I’ve dwelt in Minnesota (except for 18 months in a Dallas suburb) from the time I was six years old. Until I was 24, I lived in the suburbs of Minneapolis or downtown when I was a student at the University. Since that time, I have spent time in Minneapolis and St. Paul at least once a month. My mother lives in Eden Prairie, s west suburb, and, of course, I see her from time to time. The Twin Cities are familiar to me and, therefore, it was a surprise to learn that they are East African.
Julie Mehretu is an artist, described as Ethiopian-American, although she has lived in the United States since she was six, at first in Lansing, Michigan. (Her parents are an Ethiopian geology professor and Jewish-American Montessori teacher). She is a graduate of East Lansing High School and Michigan State at Kalamazoo. She now lives in New York City but has been resident-artist for extended periods of time in Minneapolis and Berlin. Mehretu is a very gifted artist and works on an epic scale – many of her pictures are as big as houses. I attended her retrospective at the Walker Art Center in January 2022 and was much impressed by her work.
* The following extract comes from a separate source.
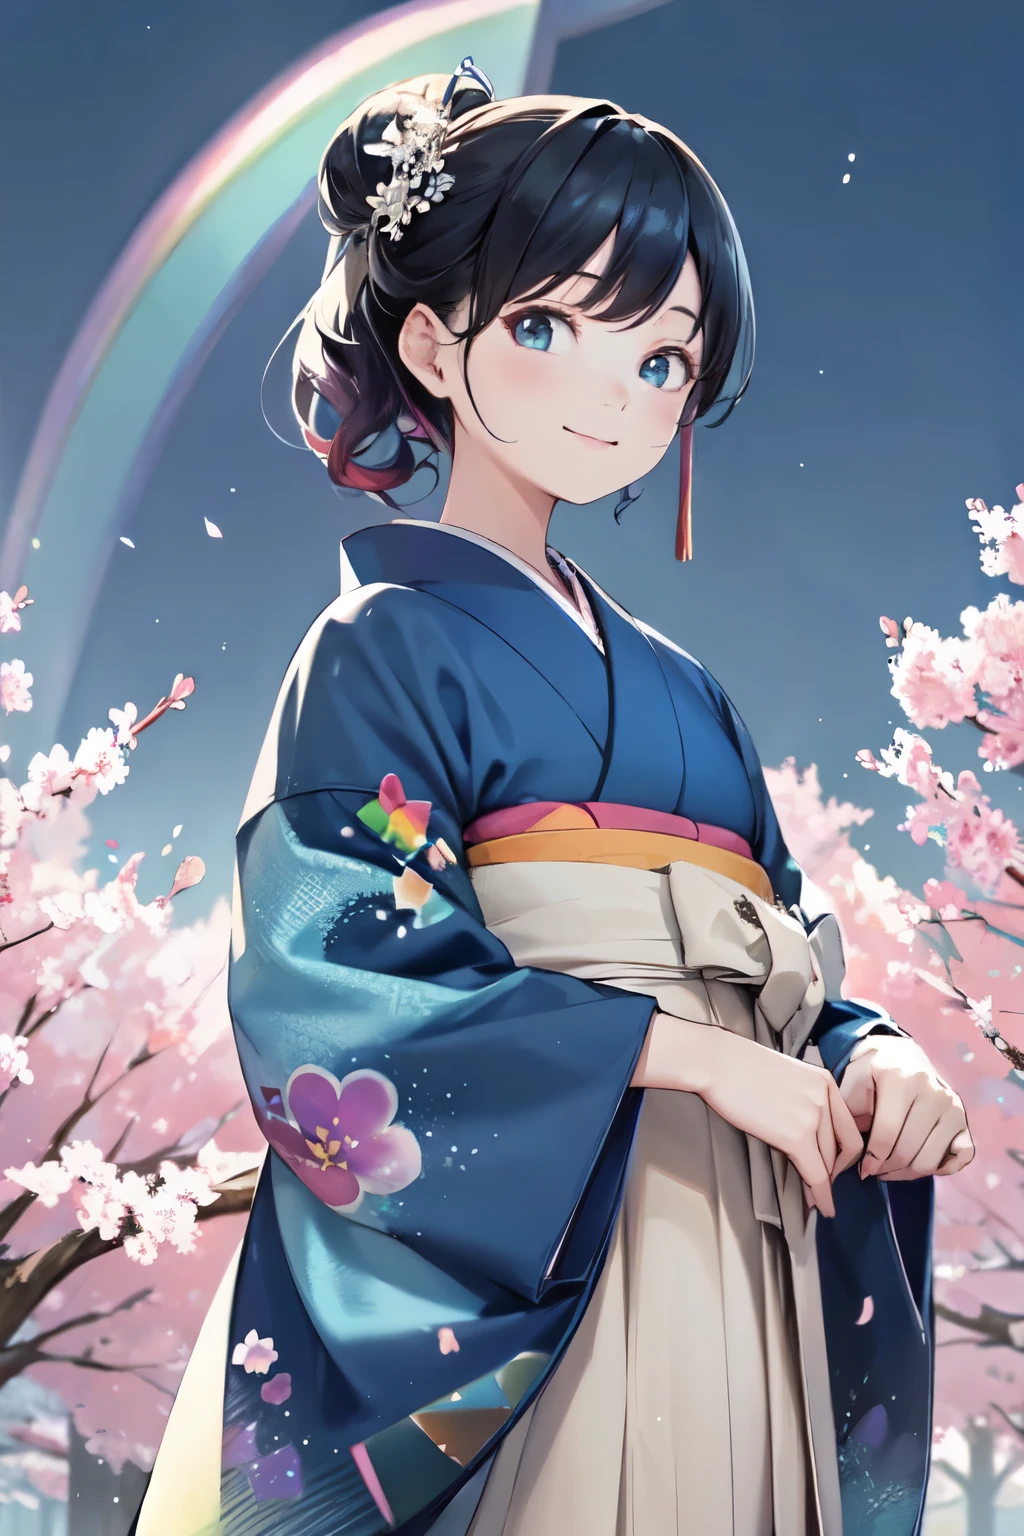 (best quality:1.2), masterpiece,Watercolor,anime,kawaii,1 female, 19 years old,cute,ultra-detailed face,cute detailed eyes,smile,black hair,chignon,Light blue stardust pattern kimono,(rainbow gradient 袴 dark blue:1.4),Standing watching the audience,Cherry tree,Cherry blossom snowstorm in the scenery,,modern japan,graduation ceremony,University,Inside the school grounds where the sun shines
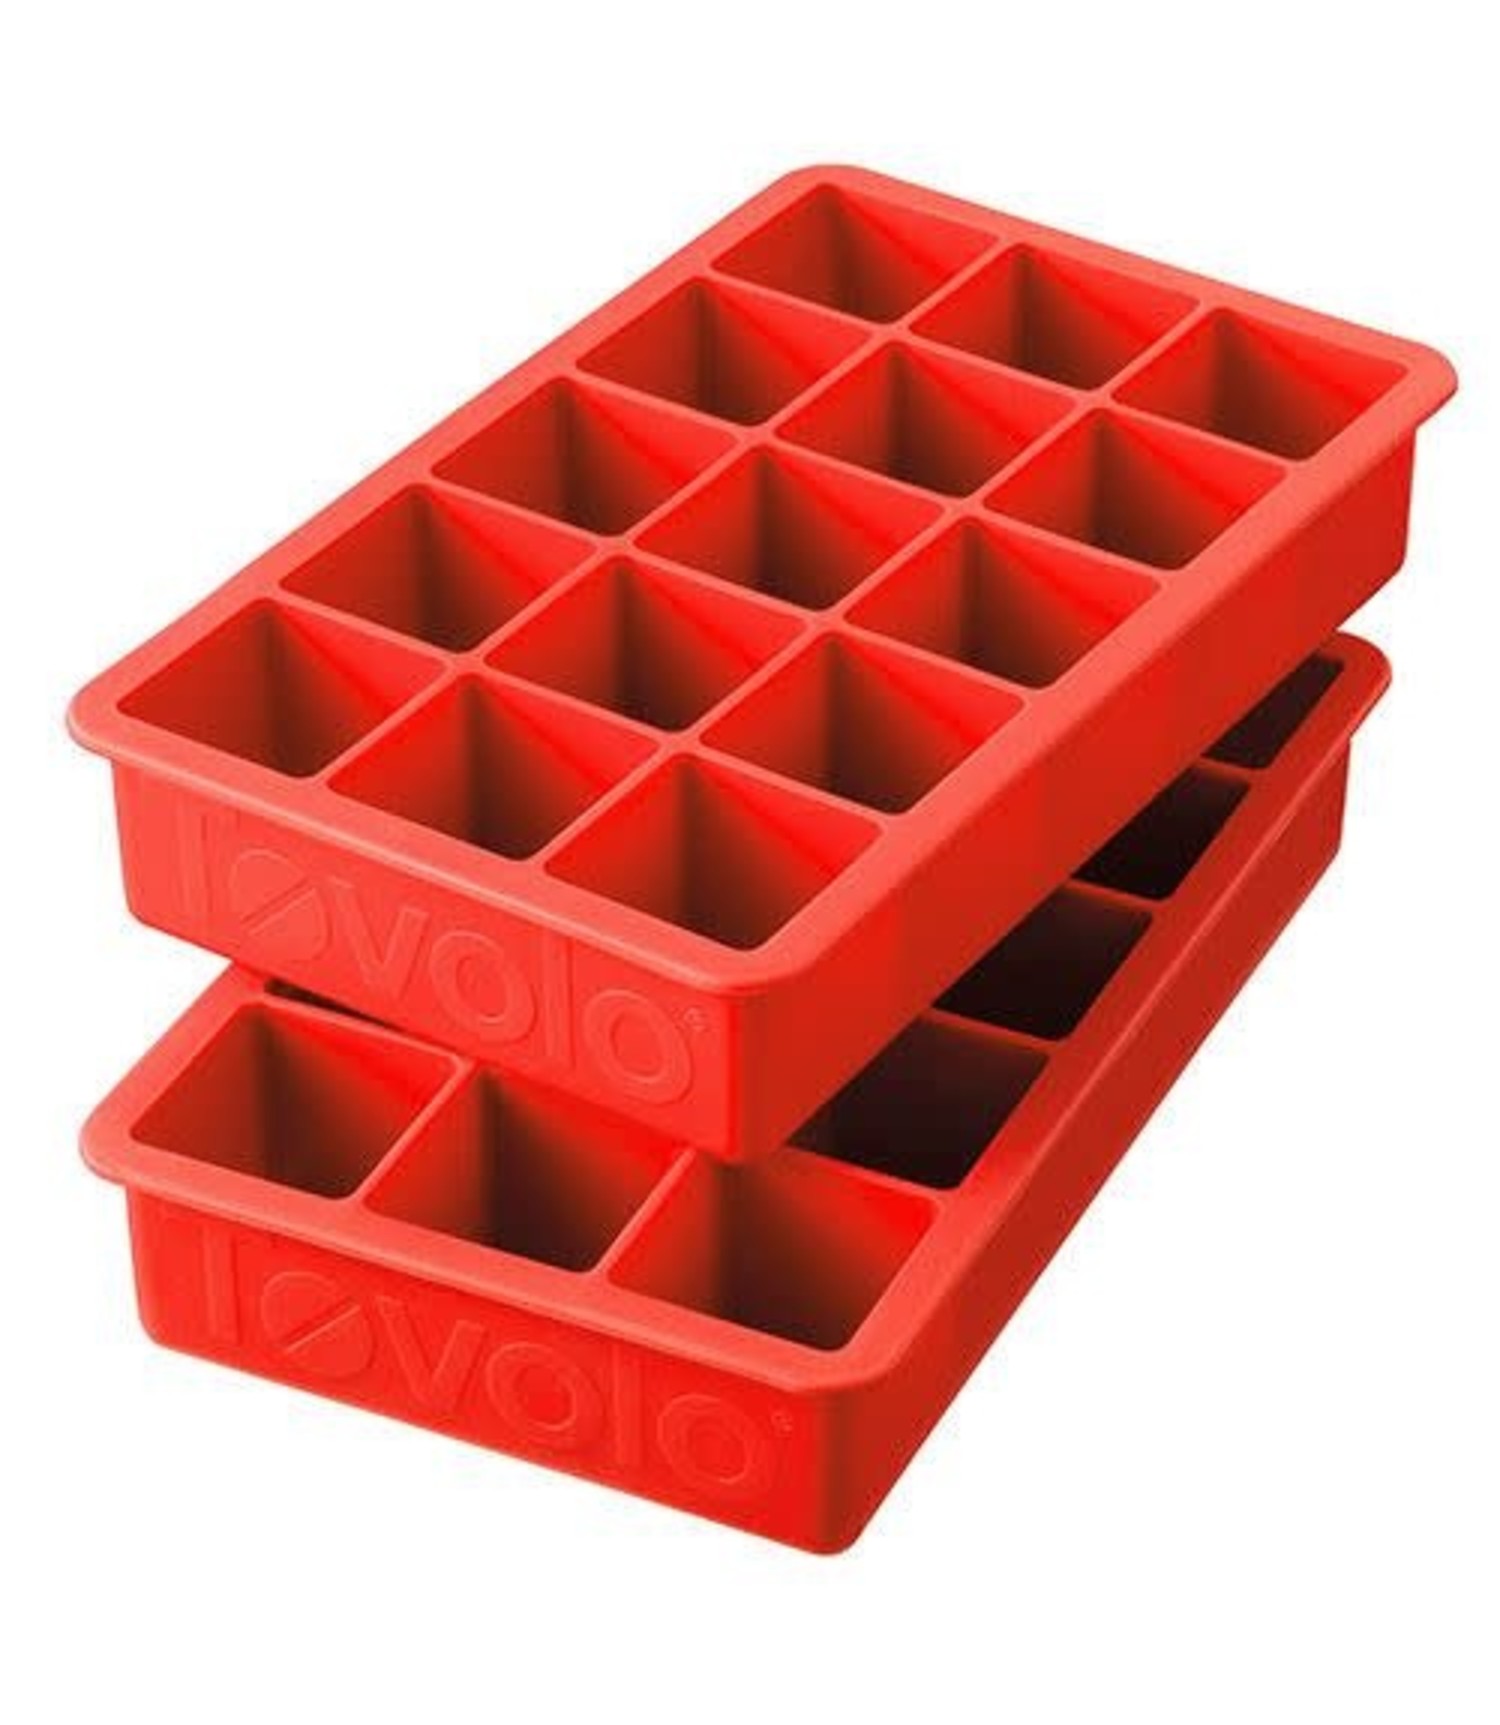 WOPO2258 / 4 Holes Large Square Ice Cube Tray

As a side-bar to the main exhibition, occupying four large galleries at the Walker, an alcove in a corridor documents Mehretu’s Walker residency in 2003. At that time, she worked with girls from East African refugee communities in the Twin Cities – these young women would be the daughters of Somali, Sudanese, and Ethiopian parents fled from war in their home-countries to the United States. It appears that Mehretu collaborated with these girls on maps of the Twin Cities locating these immigrant communities and establishing cartographic corridors linking these neighborhoods. At least, this is how the products of this collaboration look to me, although I didn’t inspect them too thoroughly. The idea was to identify gathering points for East African refugees, connect them with painted lines and show other landmarks important to this diaspora community. A number of photographs show Mehretu, a handsome woman, bare-headed among smiling teenage girls, all of them wearing headshawls. Everyone seems to have found the collaboration exhilarating. The name of the projects created by this alliance of young women (at the time Mehretu was about 31) is Minneapolis and St. Paul are East African Cities.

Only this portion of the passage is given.